Computes Bernoulli distributed random numbers.


r = rndBernoulli(r, c, prob)
{ r, newstate } = rndBernoulli(r, c, prob, state)
  • r (scalar) – number of rows of the output matrix.

  • c (scalar) – number of columns of the output matrix.

  • prob (scalar) – probability parameter.

  • state (scalar or opaque vector) –

    Optional argument.

    scalar case

    state = starting seed value only. If -1, GAUSS computes the starting seed based on the system clock.

    opaque vector case

    state = the state vector returned from a previous call to one of the rnd random number functions.

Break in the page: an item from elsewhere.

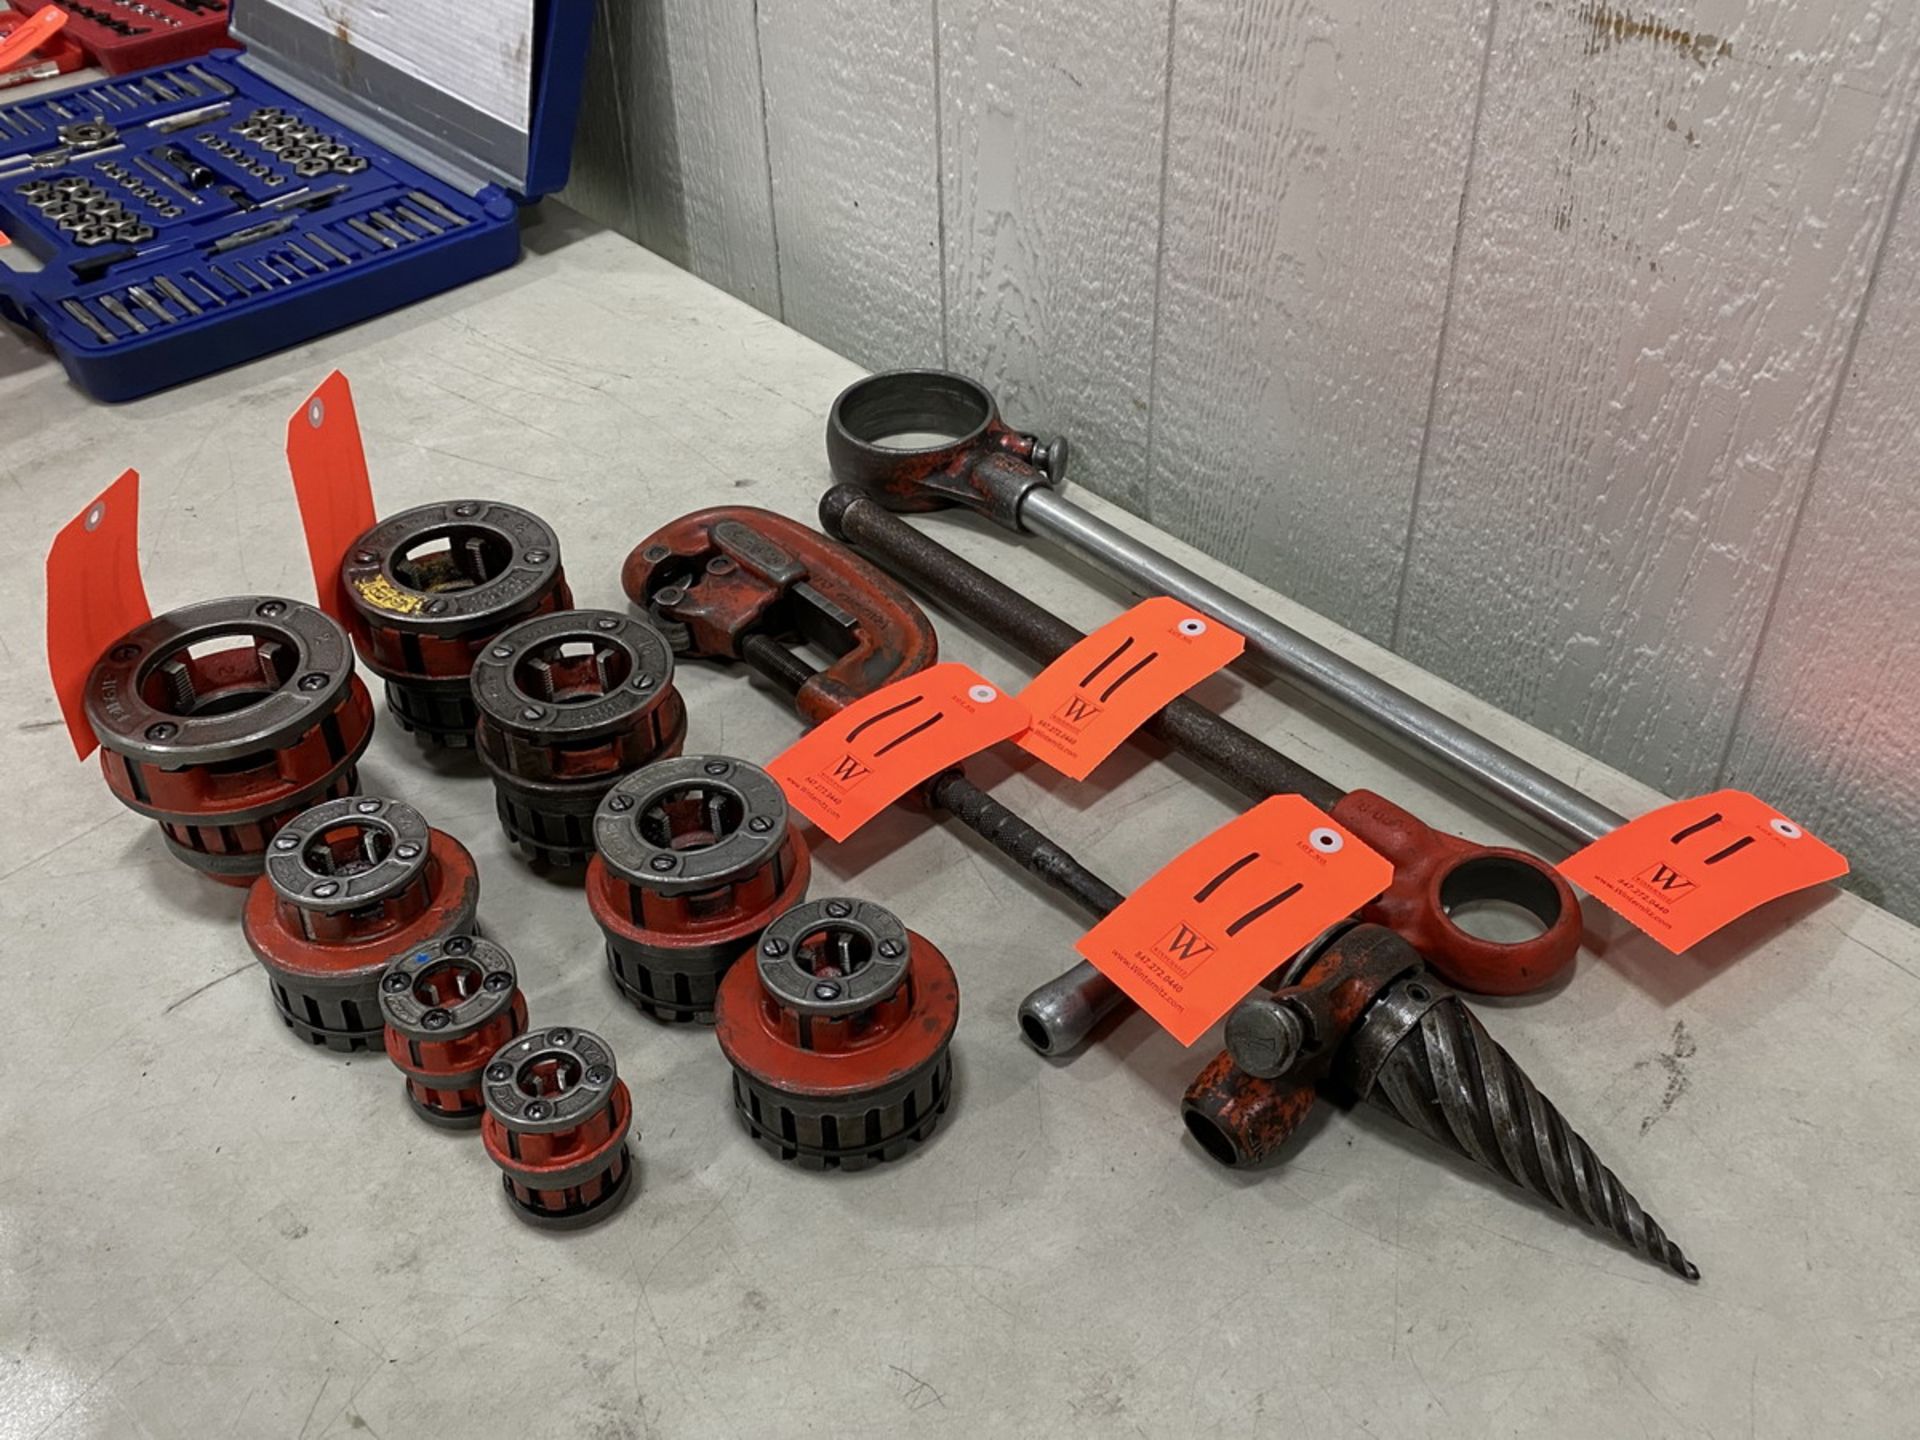 Lot - Ridgid Exposed Ratchet Threader; to Include: (2) Ratchet Handles, (1) Pipe Reamer, (1) Pipe - Image 2 of 3

  • r (RxC matrix) – Bernoulli random numbers.

  • newstate (Opaque vector) – the updated state.


// Bernoulli random numbers can be used to model qualitative
// binary data (i.e., yes/no, true/false), such as marital
// status.

// Set the random seed for repeatable numbers.
rndseed 723940439;

// The percentage of married people in the population we
// would like to model.
prob = 0.7;

// Create 10,000 Bernoulli random numbers
r = rndBernoulli(10000, 1, prob);

// The mean of 'r' should approximately equal 'prob'
mu = meanc(r);
print mu;


The properties of the pseudo-random numbers in x are:

\[ \begin{align}\begin{aligned}E(X) = prob\\Var(X) = prob * (1 - prob)\end{aligned}\end{align} \]

See also

Functions rndMVn(), rndCreateState()